Restate word for word the material below, starting at the line that contains "Automatic Transmission for" and stopping after the last line; skip pictures.

------ GIVEN DATA

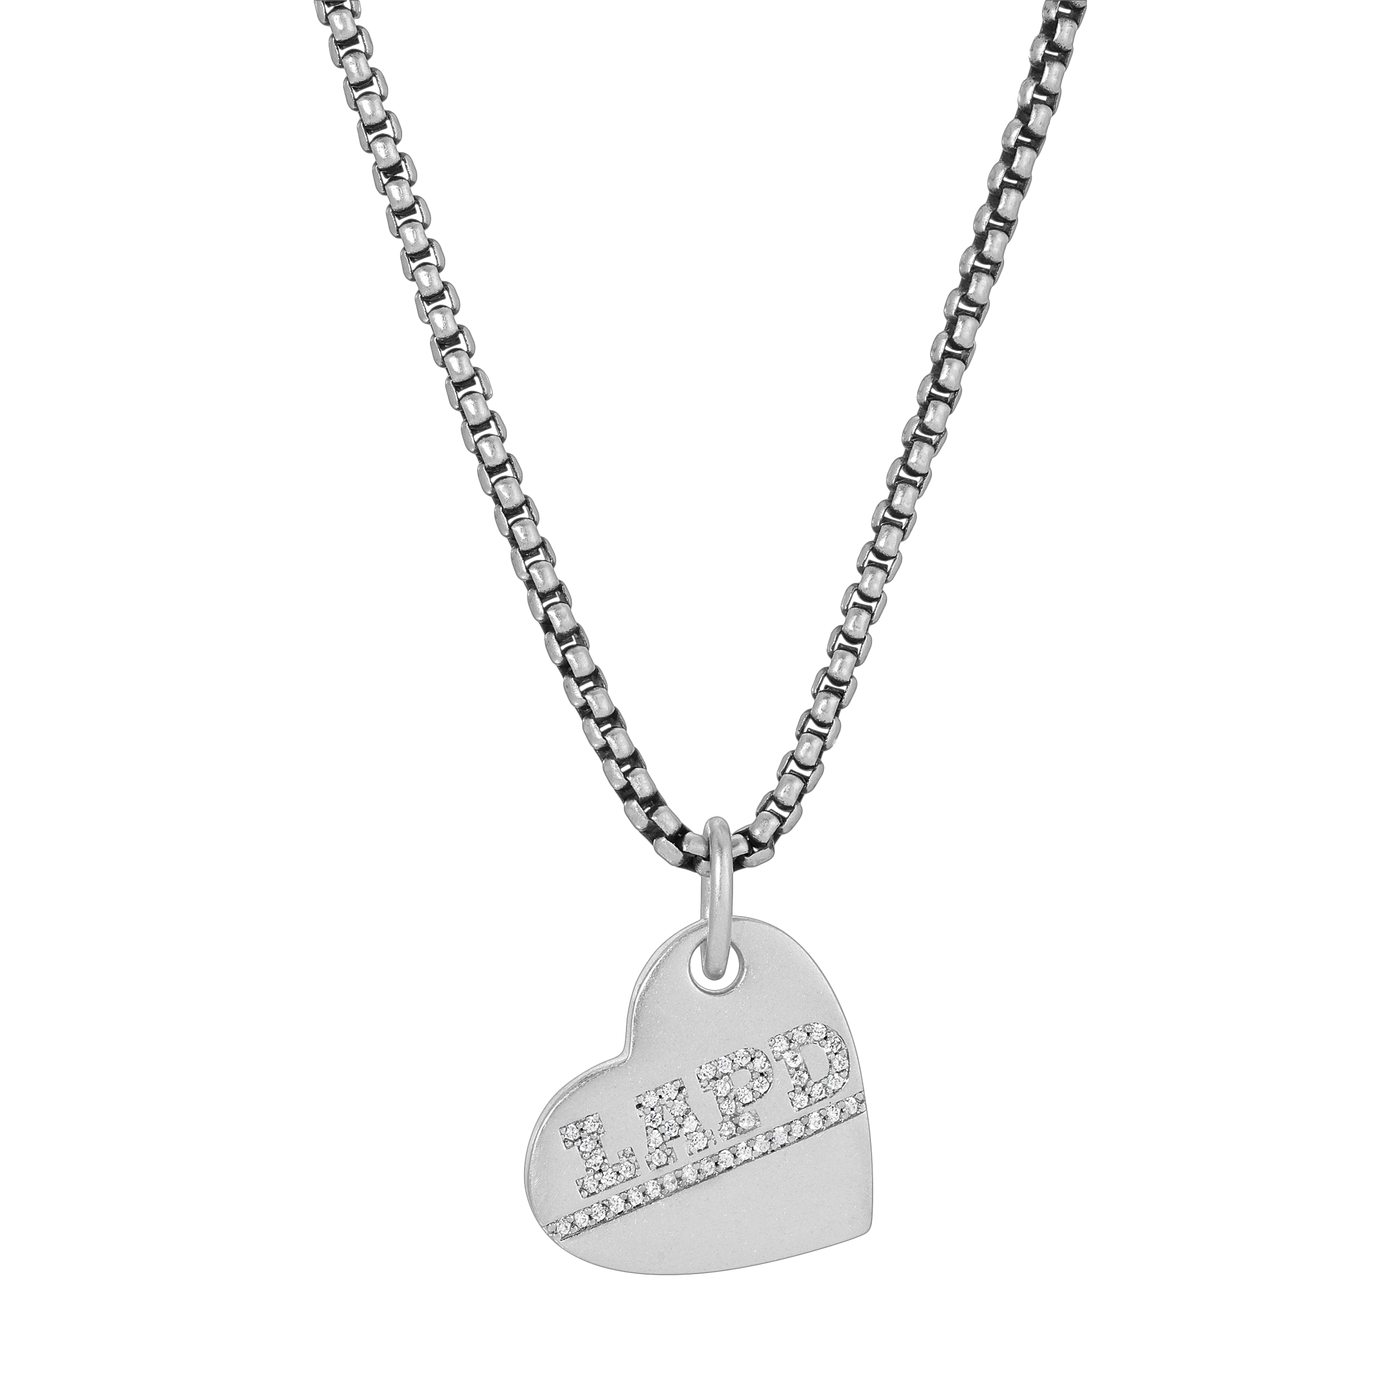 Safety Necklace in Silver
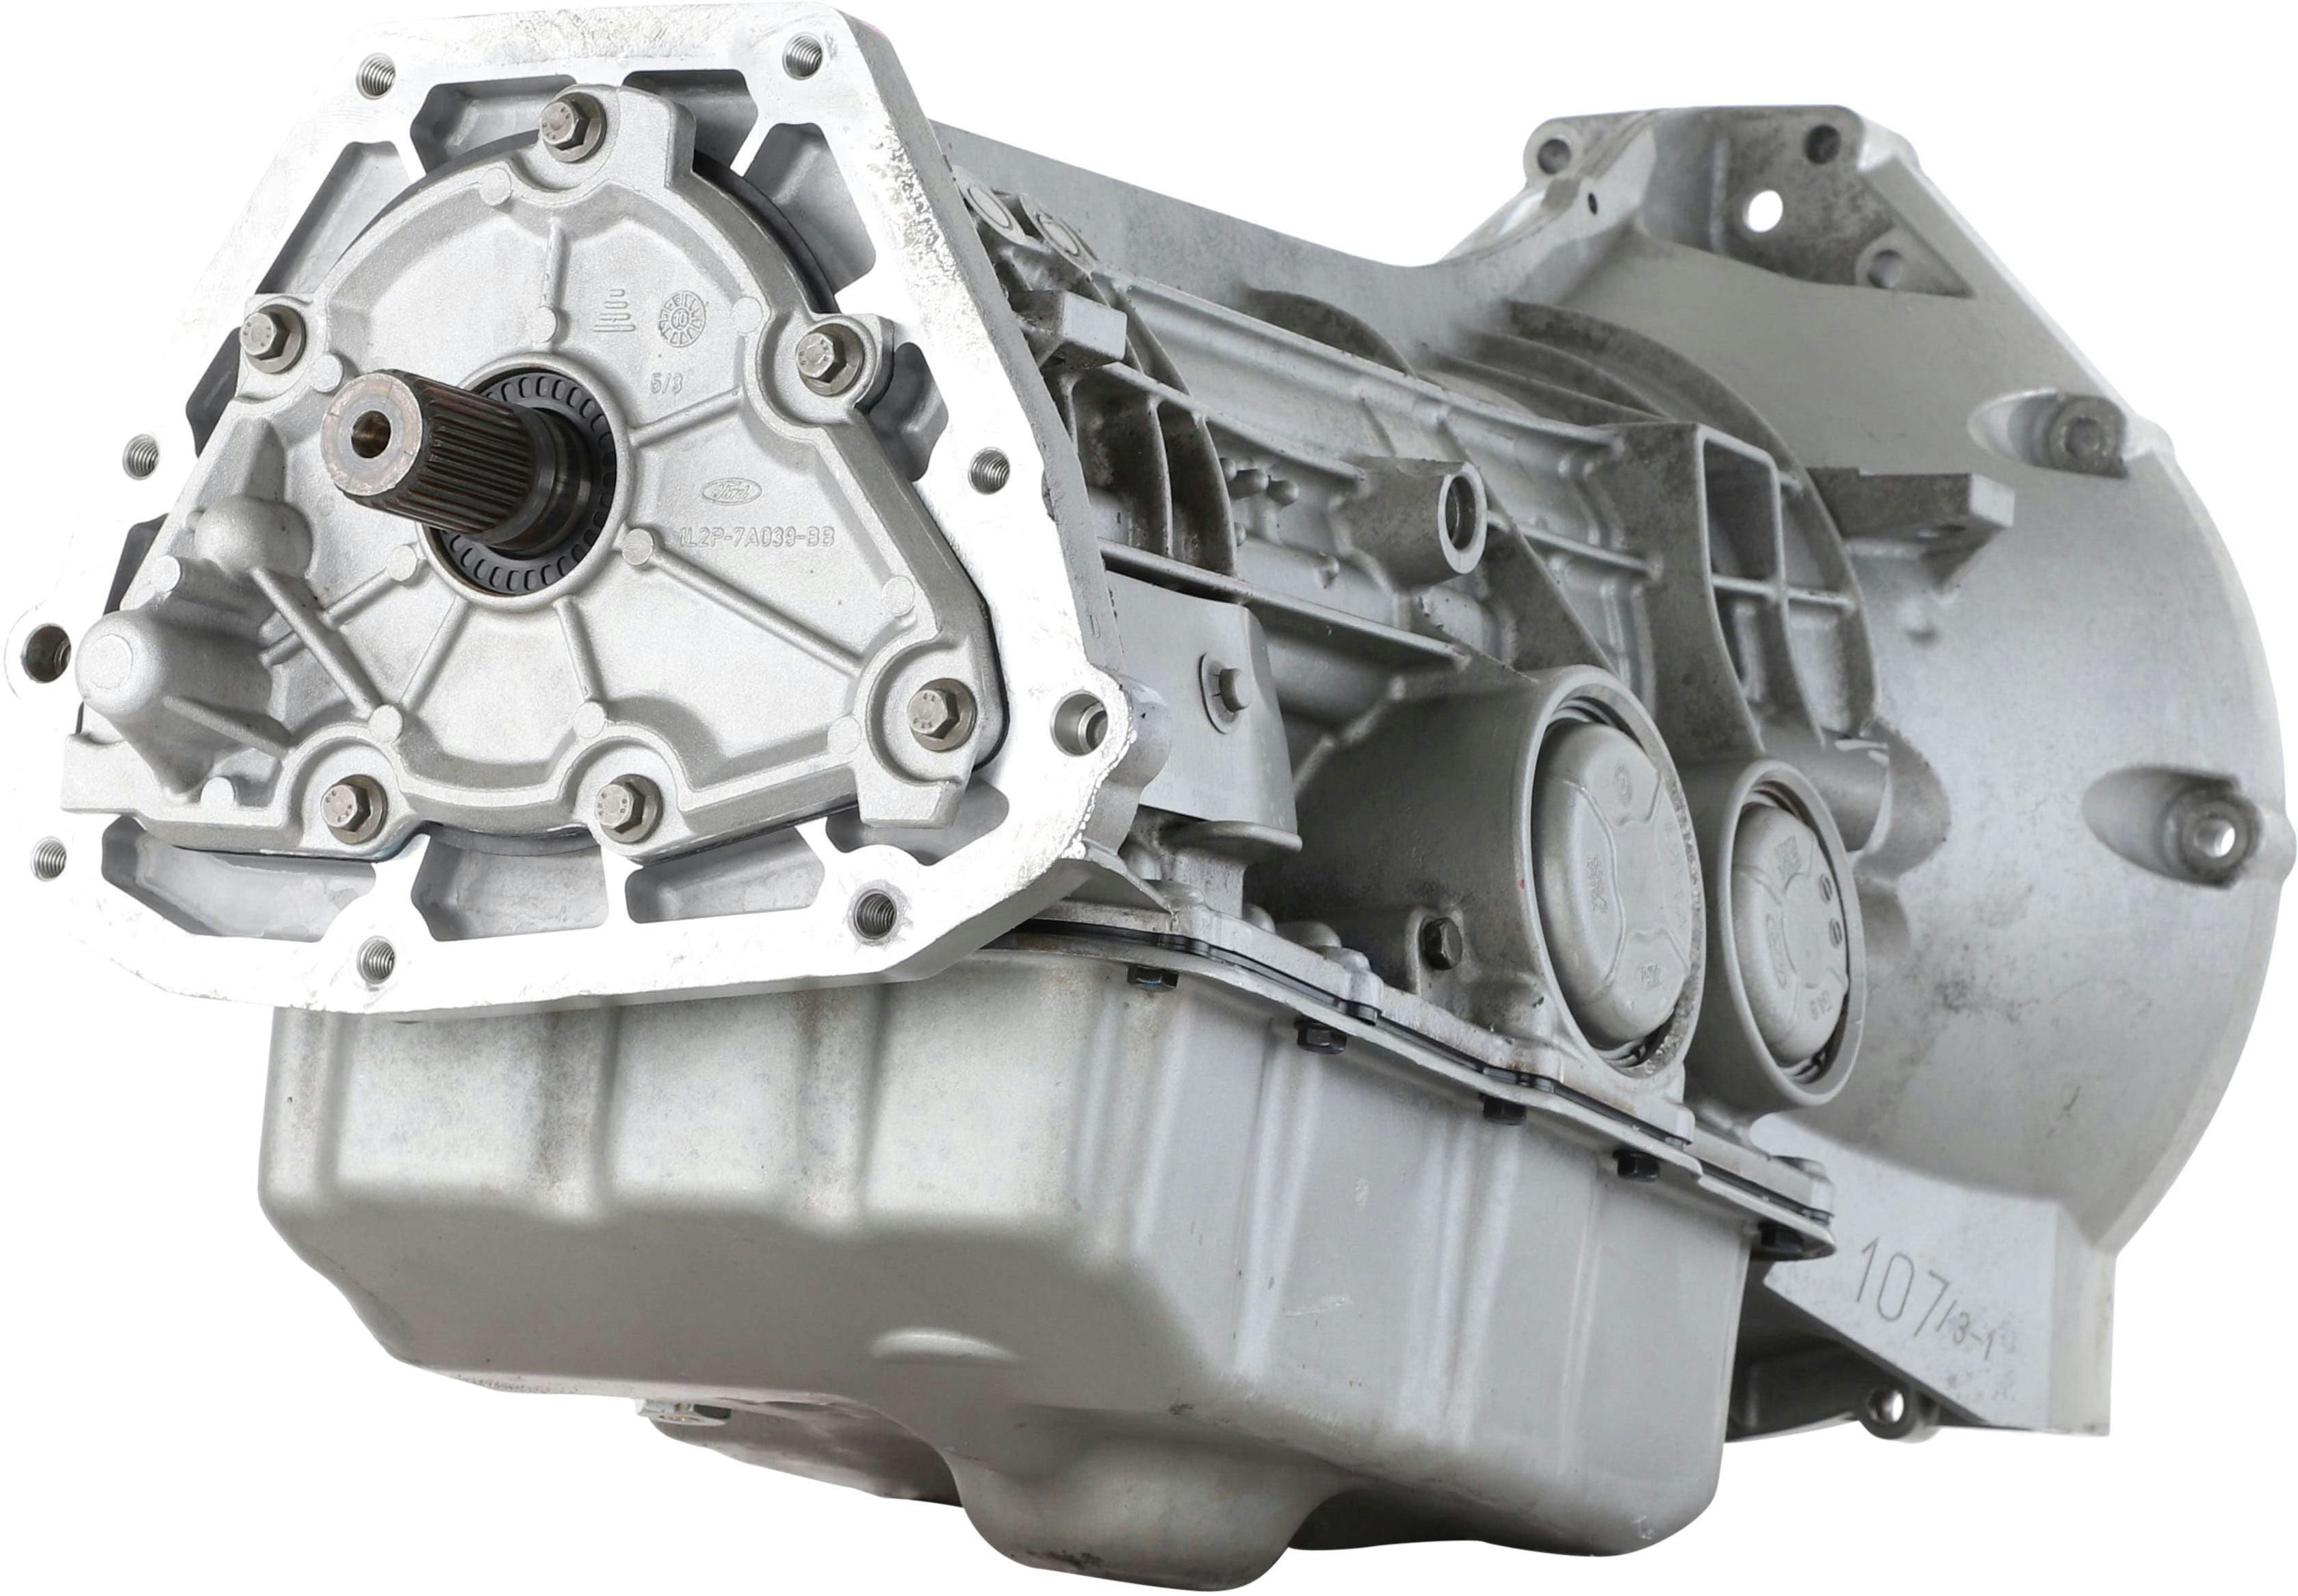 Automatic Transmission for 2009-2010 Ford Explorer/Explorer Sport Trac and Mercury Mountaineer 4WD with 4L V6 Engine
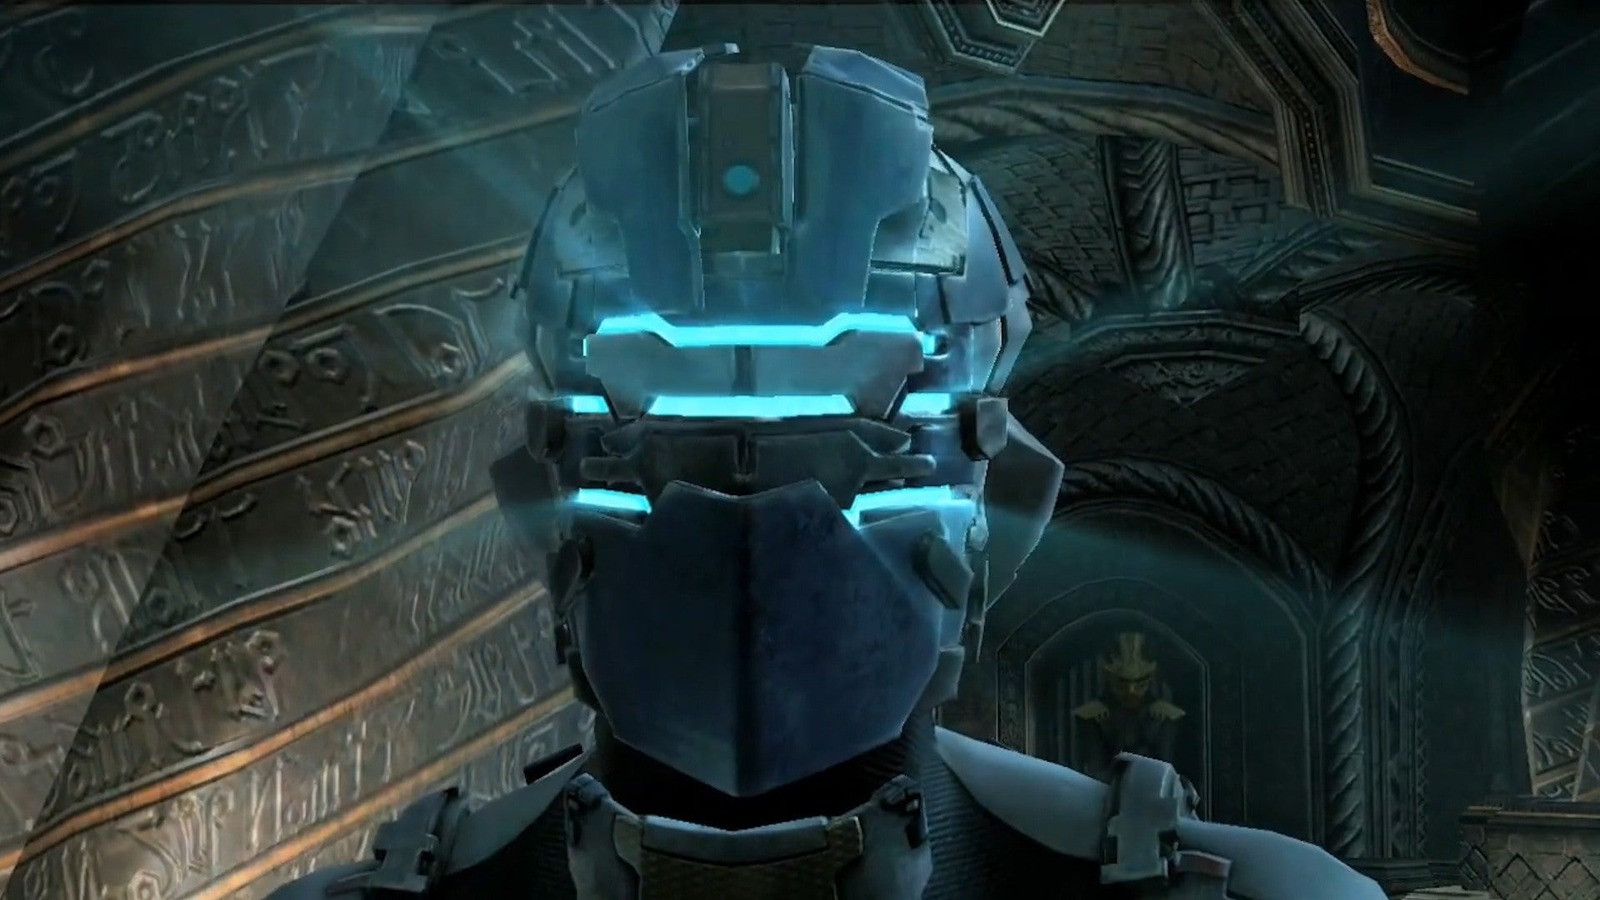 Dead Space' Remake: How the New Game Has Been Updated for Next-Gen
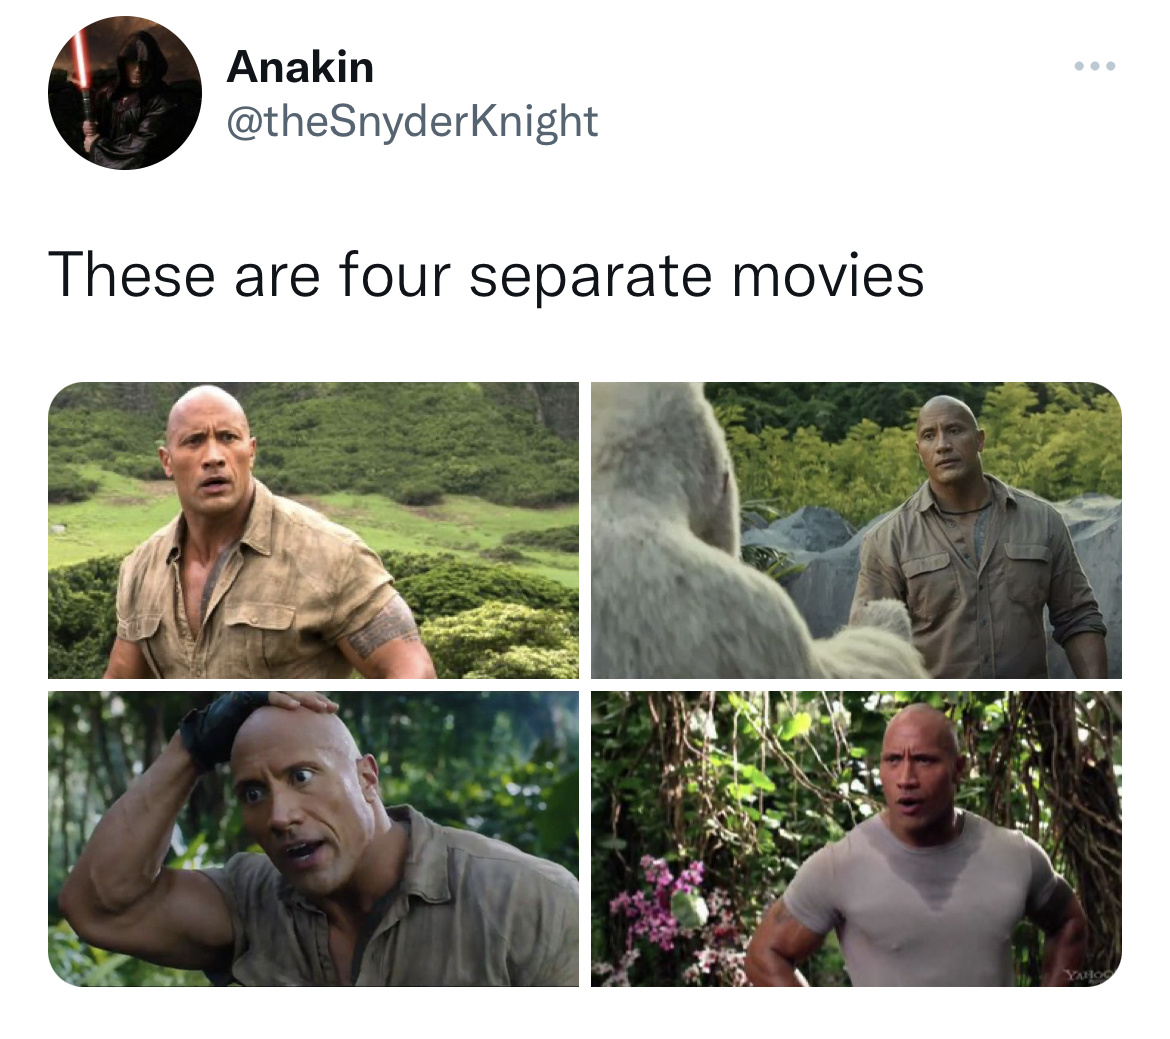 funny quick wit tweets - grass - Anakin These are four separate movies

------------

EXERCISE OUTPUT
 Automatic Transmission for 2009-2010 Ford Explorer/Explorer Sport Trac and Mercury Mountaineer 4WD with 4L V6 Engine
 Dead Space' Remake: How the New Game Has Been Updated for Next-Gen
 funny quick wit tweets - grass - Anakin These are four separate movies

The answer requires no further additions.